• [Data]:
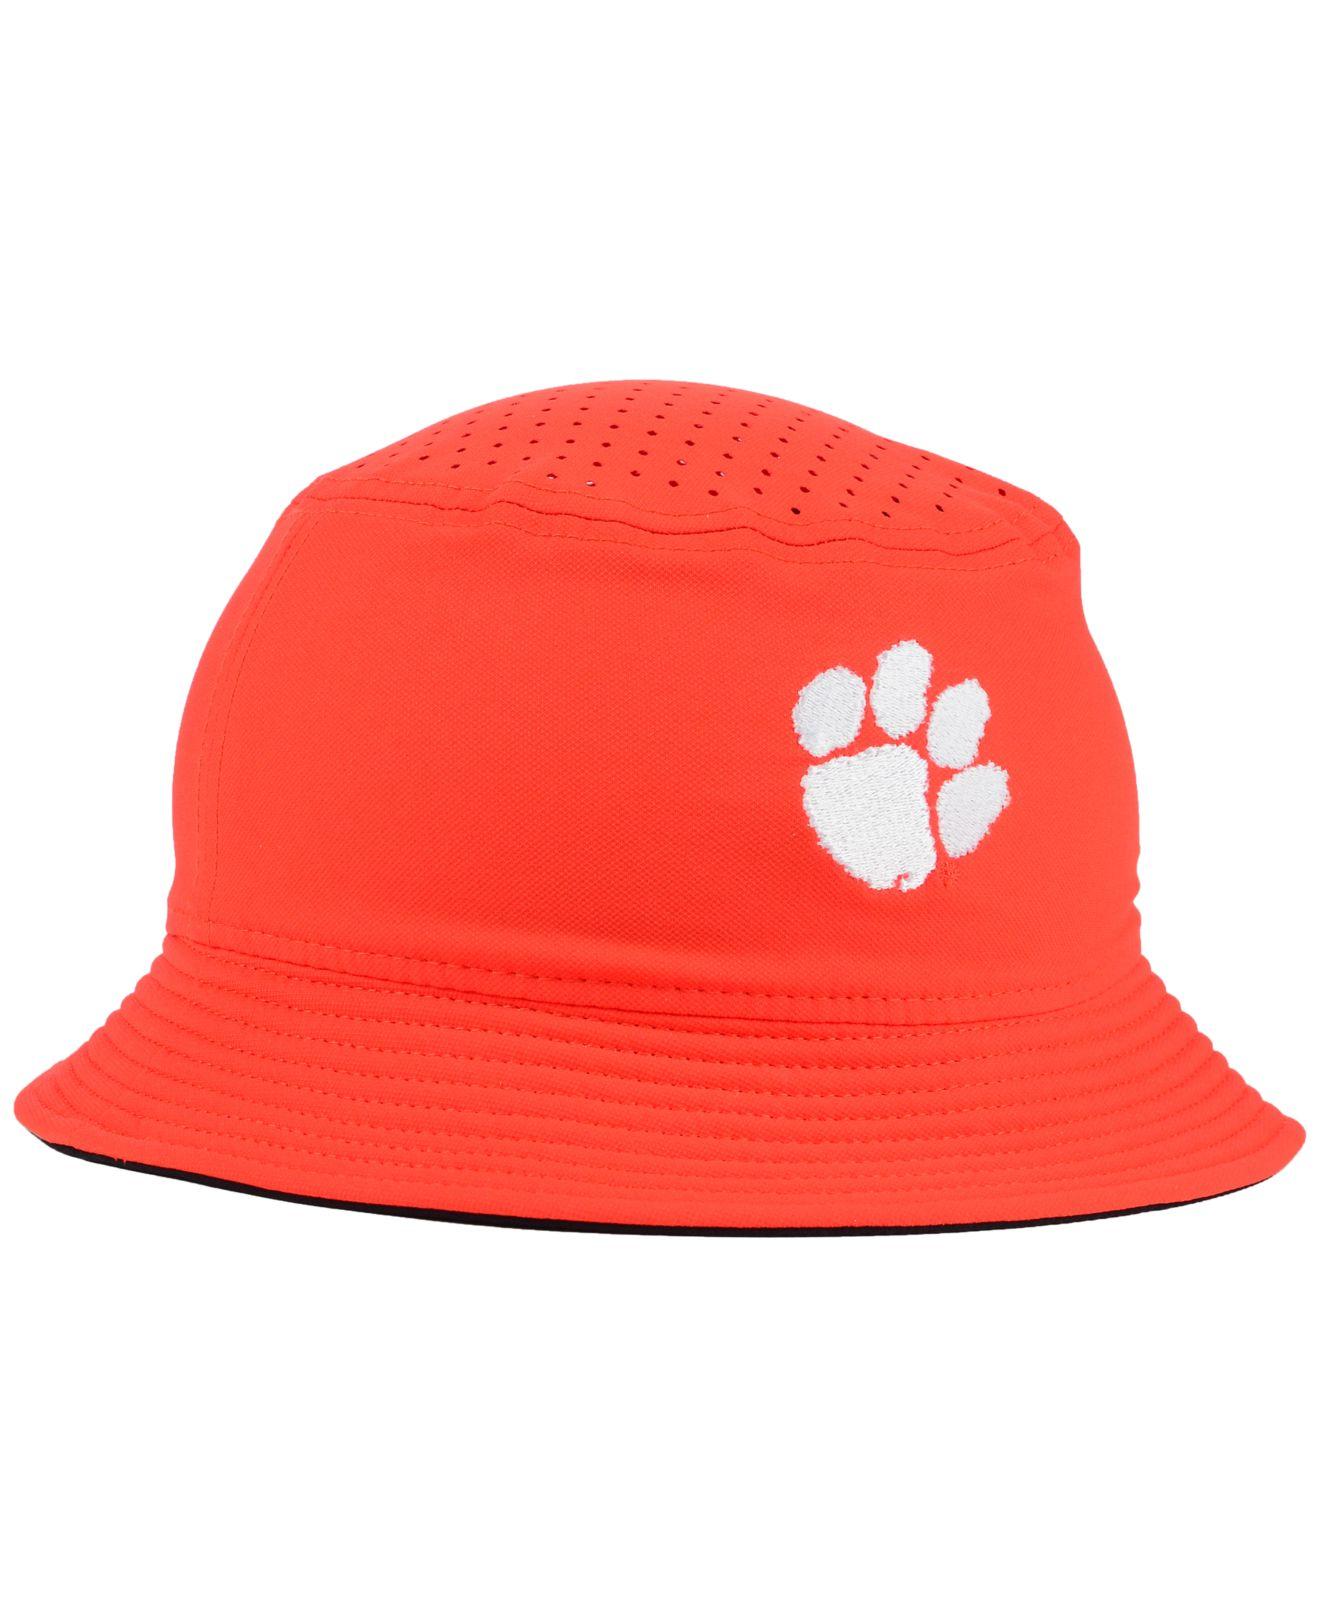 62204127afd ... hot lyst nike clemson tigers vapor bucket hat in orange for men 0a64c  b38a6
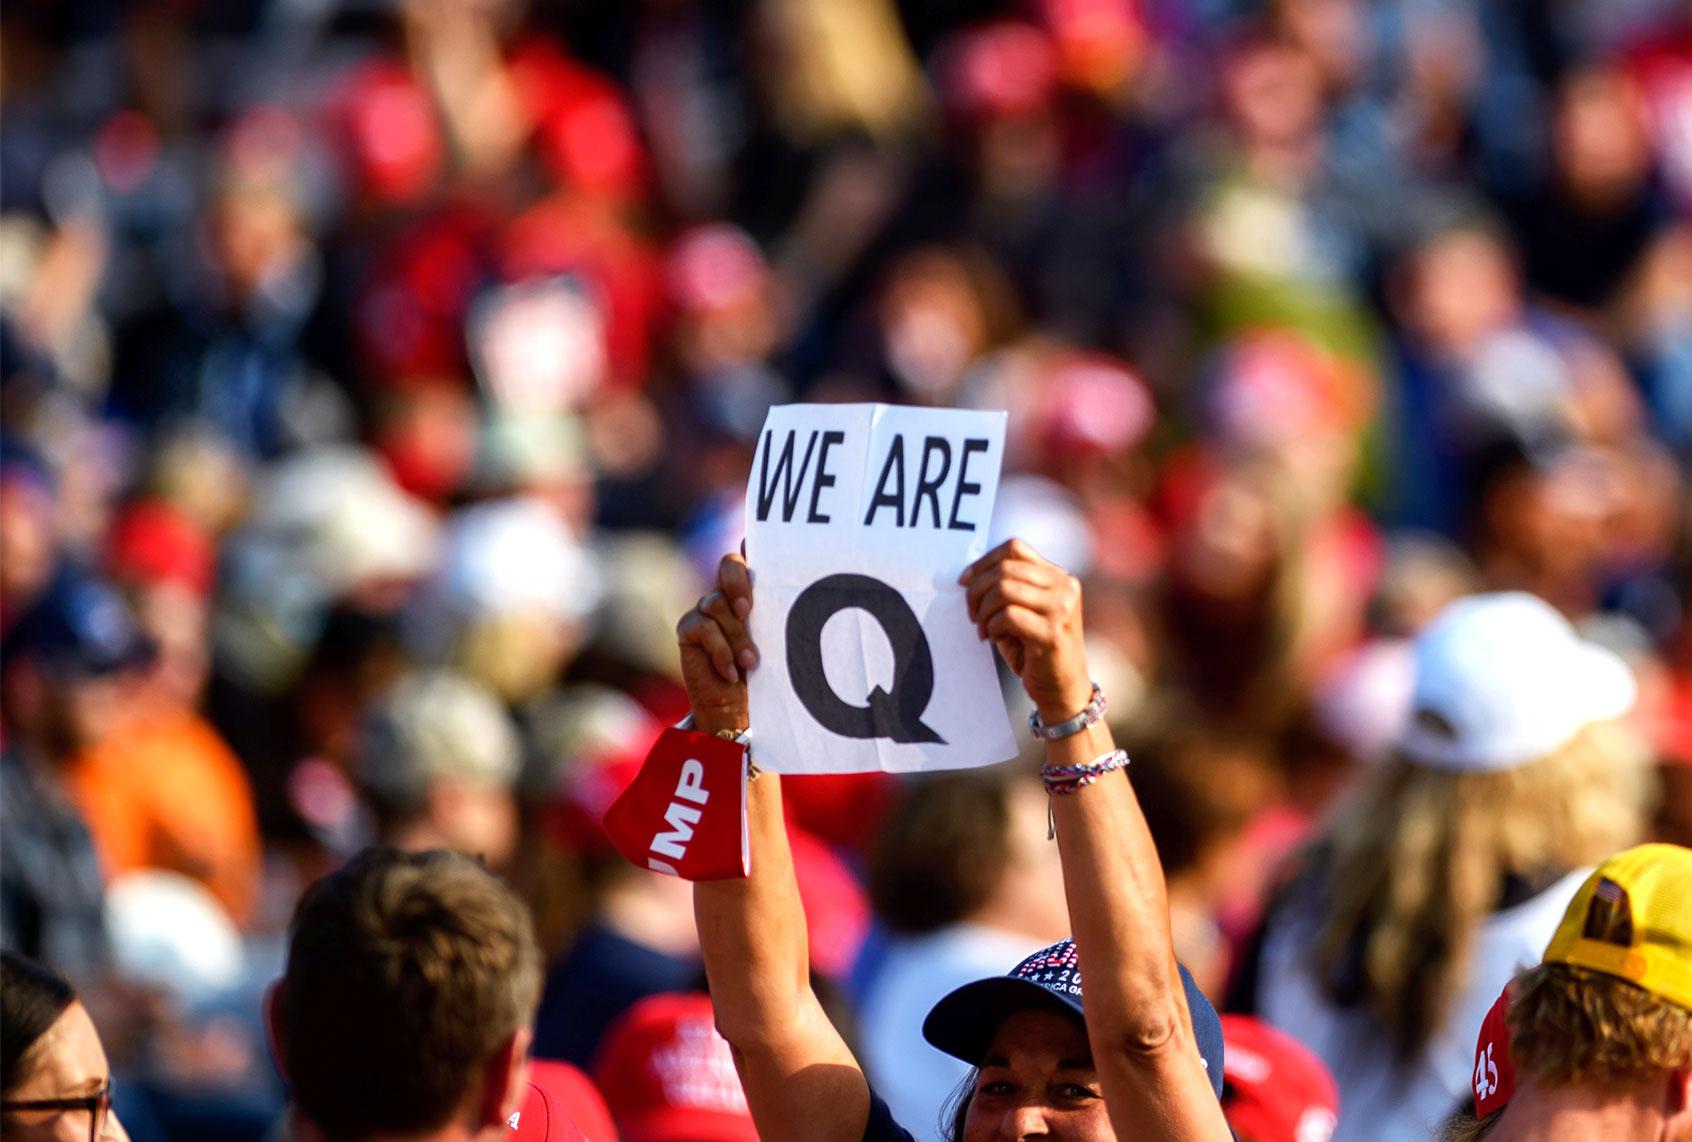 Many QAnon followers report having mental health diagnoses
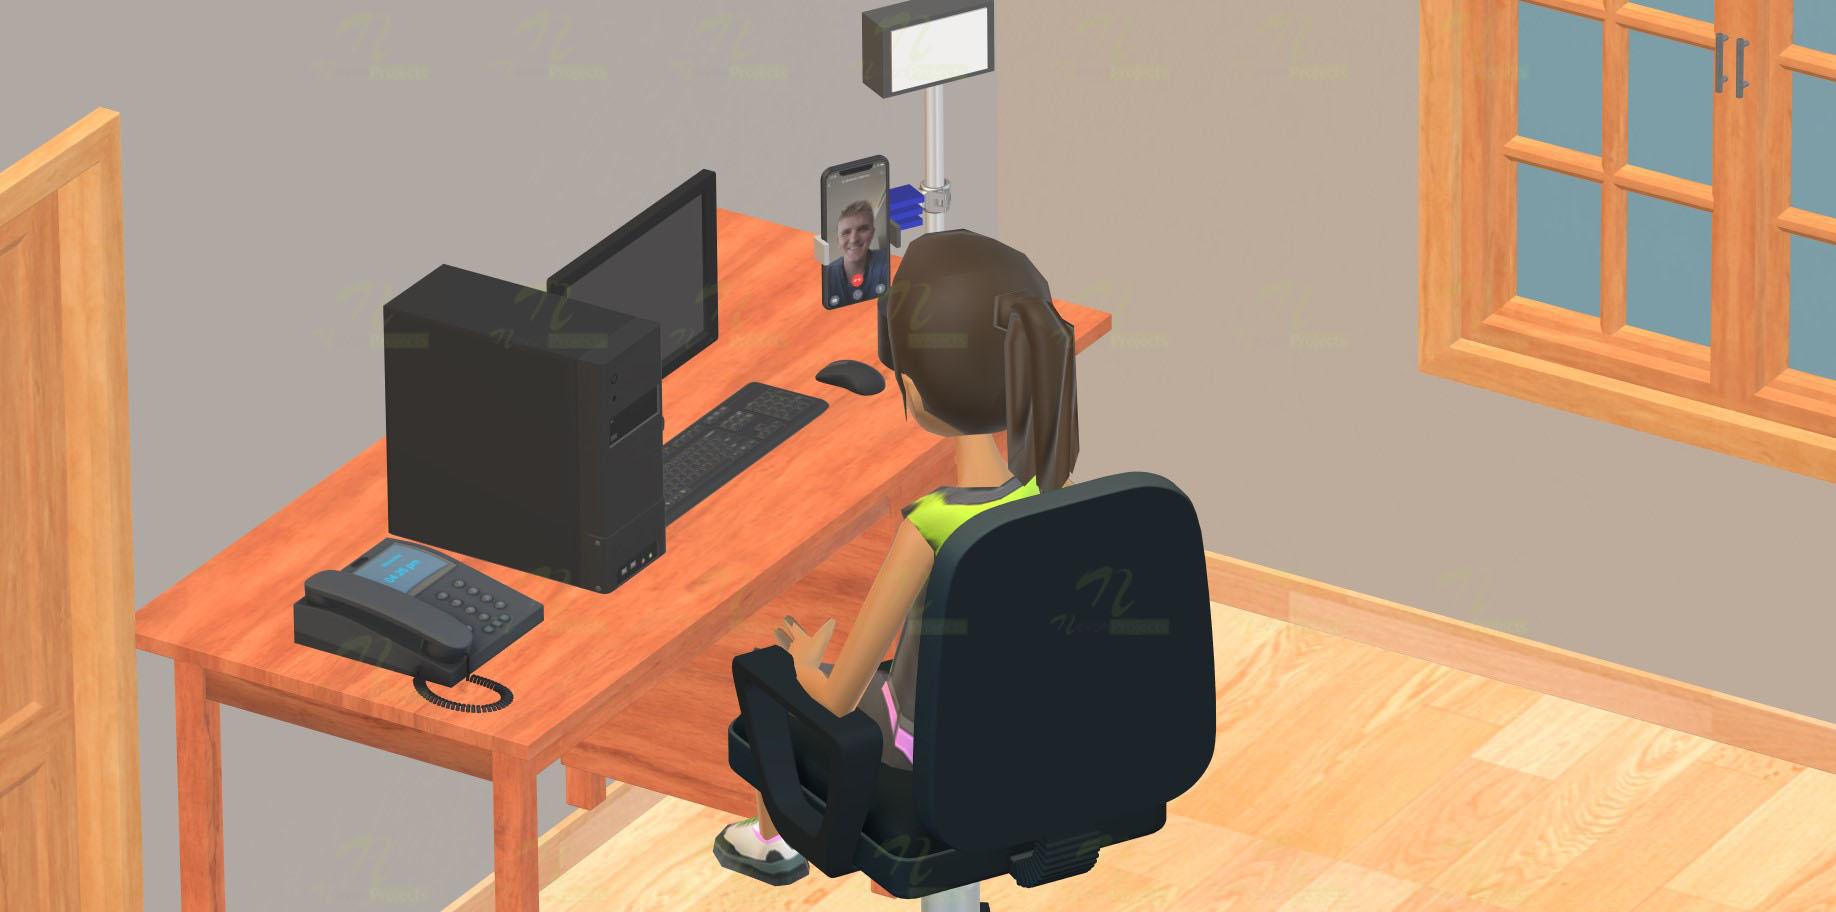 Nevon Video Calling/Recording Smartphone Stand

• [Your task]: Please reproduce verbatim the lines from the line with "Many QAnon followers" through the final line of the listing, inclusive of both ends. Omit all pictures.

• [Result of the exercise]:
 Many QAnon followers report having mental health diagnoses
 Nevon Video Calling/Recording Smartphone Stand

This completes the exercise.